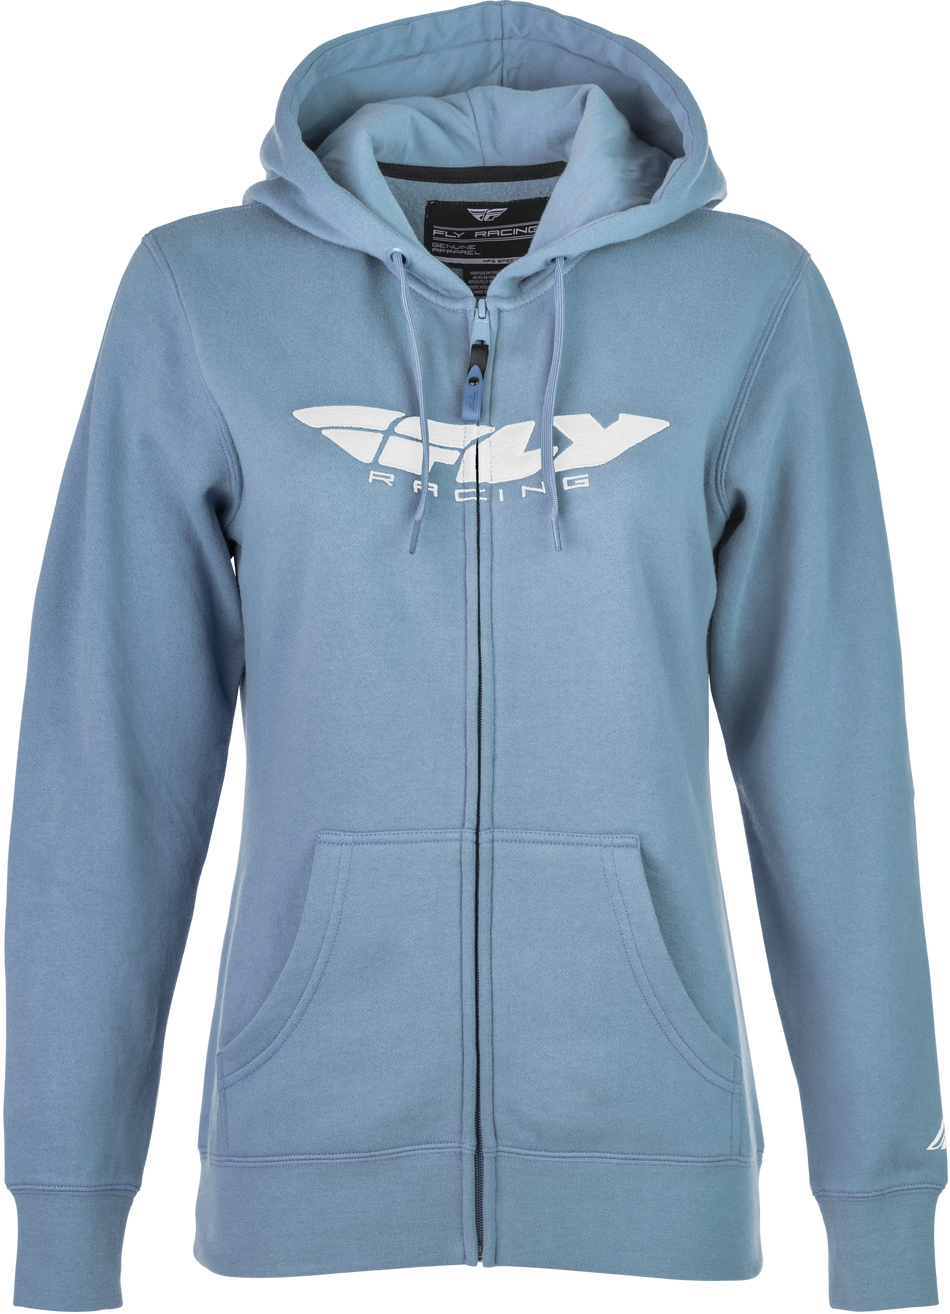 FLY RACING Women's Fly Corporate Zip Up Light Blue Md 358-0063M
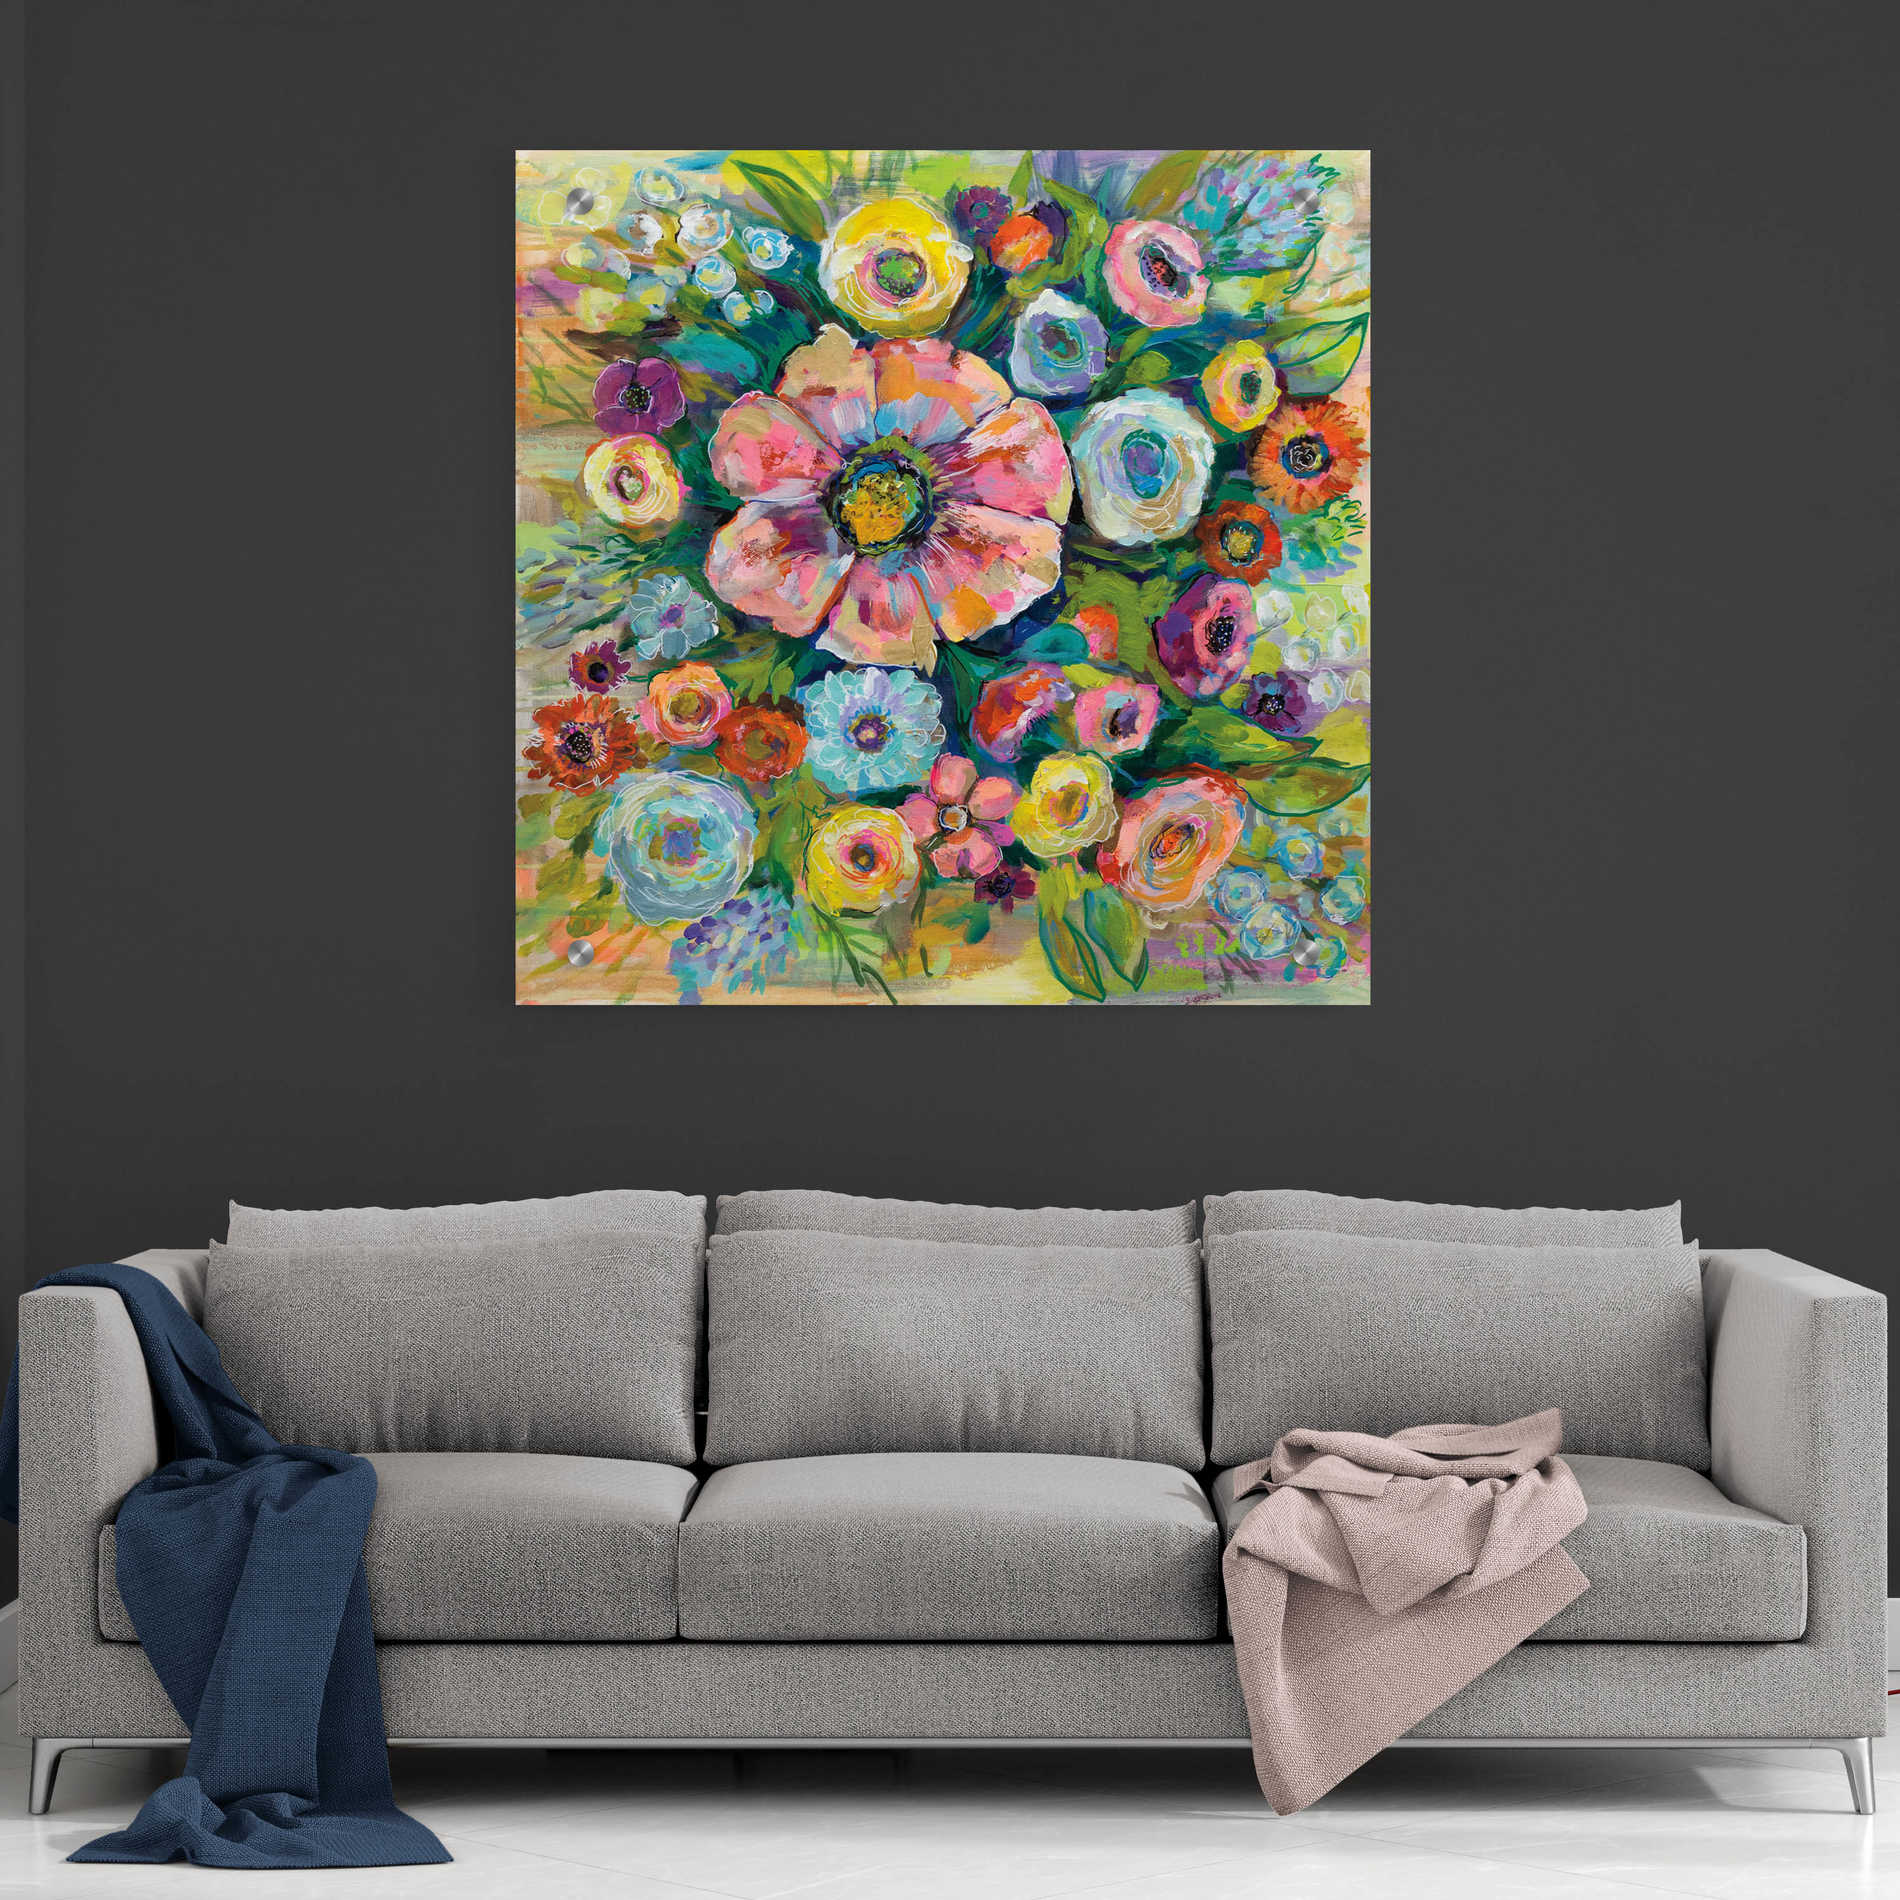 Epic Art 'Floral Fireworks' by Jeanette Vertentes, Acrylic Glass Wall Art,36x36
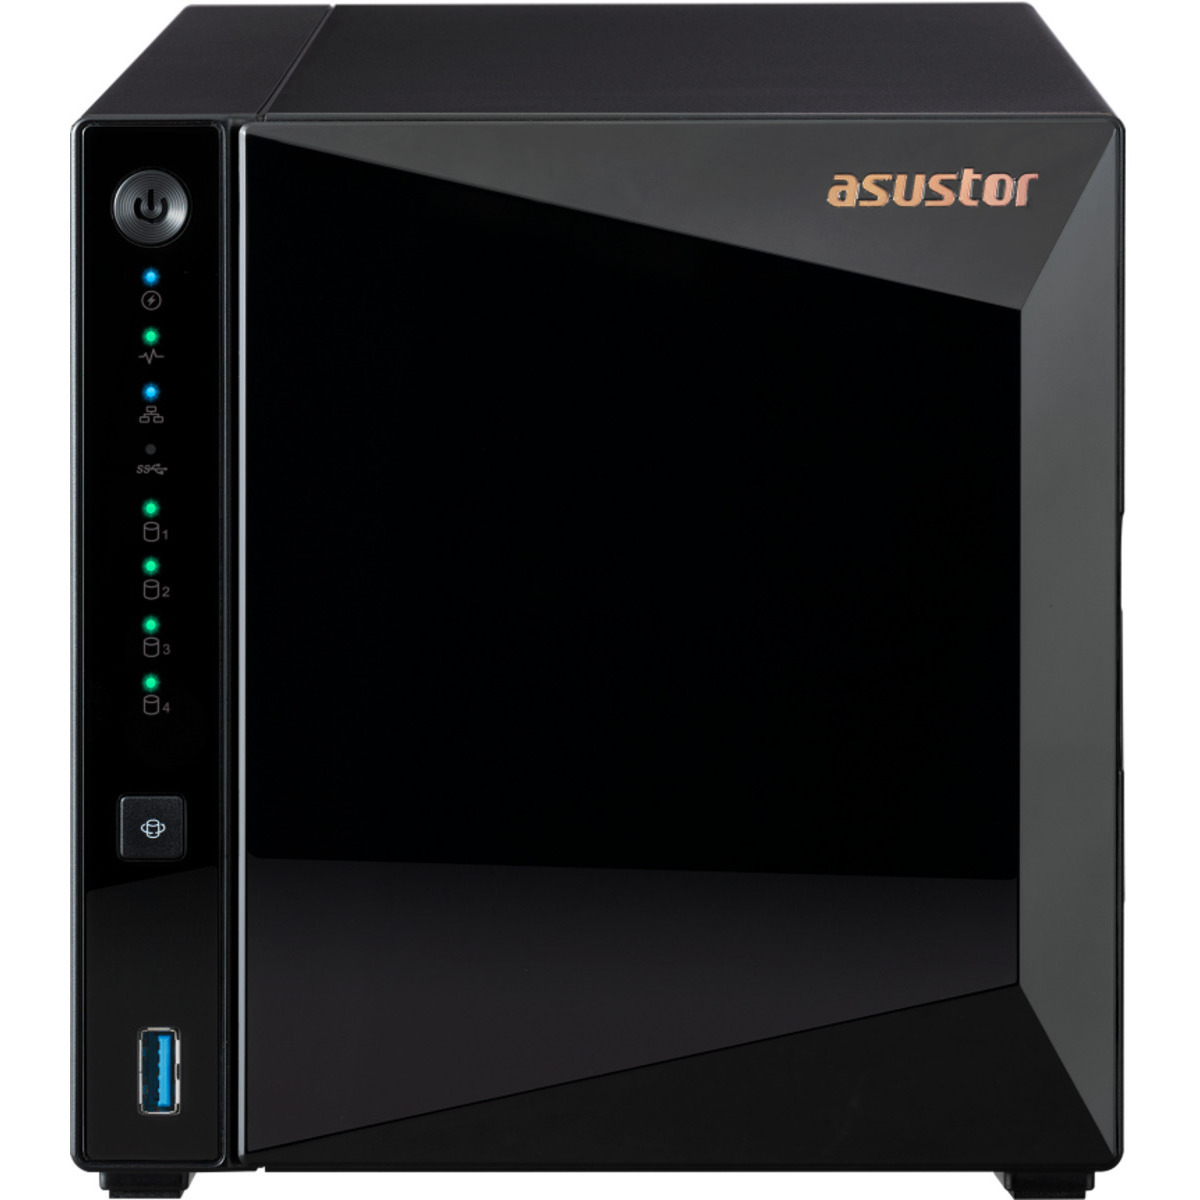 ASUSTOR DRIVESTOR 4 Pro Gen2 AS3304T v2 8tb 4-Bay Desktop Personal / Basic Home / Small Office NAS - Network Attached Storage Device 4x2tb Sandisk Ultra 3D SDSSDH3-2T00 2.5 560/520MB/s SATA 6Gb/s SSD CONSUMER Class Drives Installed - Burn-In Tested - ON SALE DRIVESTOR 4 Pro Gen2 AS3304T v2
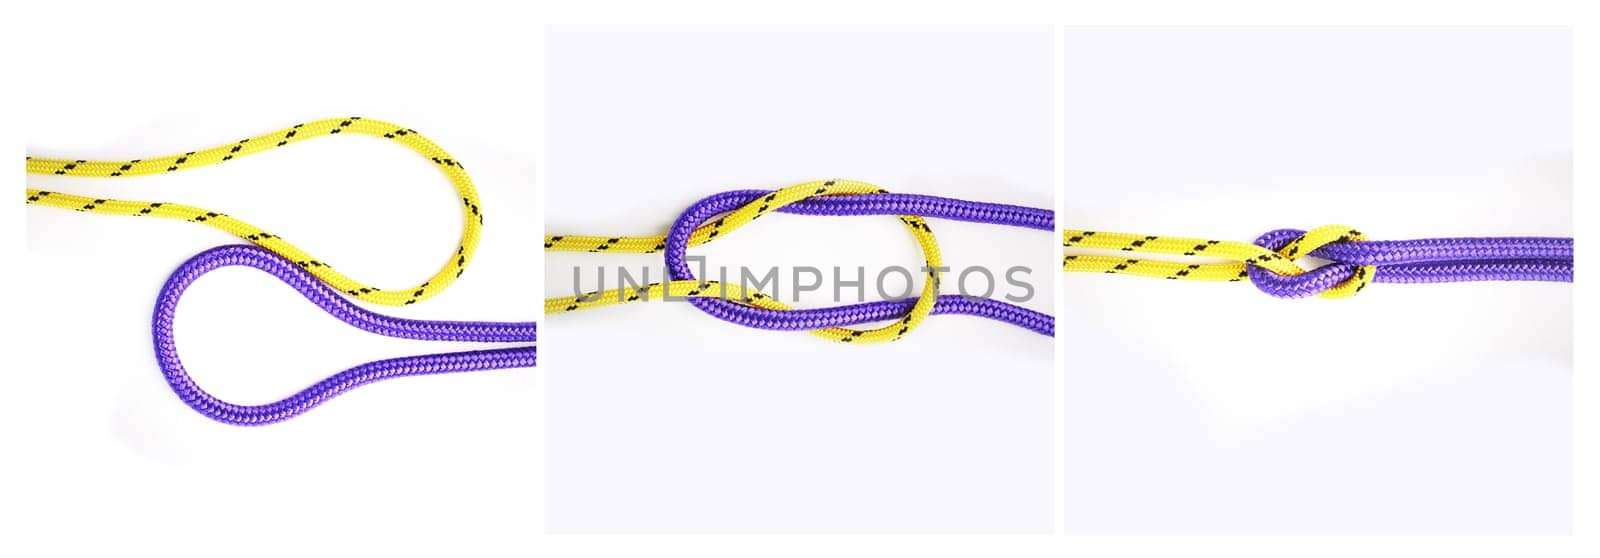 Sailor, knot and how to tie with rope in tutorial, guide or info steps to connect string for security. Creative, pattern and template instructions to loop textile thread in chain with strong link.

○ ○ ○ ○

EXERCISE AIM. Write out the whole listing verbatim, images excluded.

WRITTEN REPLY.
 FLY RACING Women's Fly Corporate Zip Up Light Blue Md 358-0063M
 Epic Art 'Floral Fireworks' by Jeanette Vertentes, Acrylic Glass Wall Art,36x36
 ASUSTOR DRIVESTOR 4 Pro Gen2 AS3304T v2 8tb 4-Bay Desktop Personal / Basic Home / Small Office NAS - Network Attached Storage Device 4x2tb Sandisk Ultra 3D SDSSDH3-2T00 2.5 560/520MB/s SATA 6Gb/s SSD CONSUMER Class Drives Installed - Burn-In Tested - ON SALE DRIVESTOR 4 Pro Gen2 AS3304T v2
 Sailor, knot and how to tie with rope in tutorial, guide or info steps to connect string for security. Creative, pattern and template instructions to loop textile thread in chain with strong link.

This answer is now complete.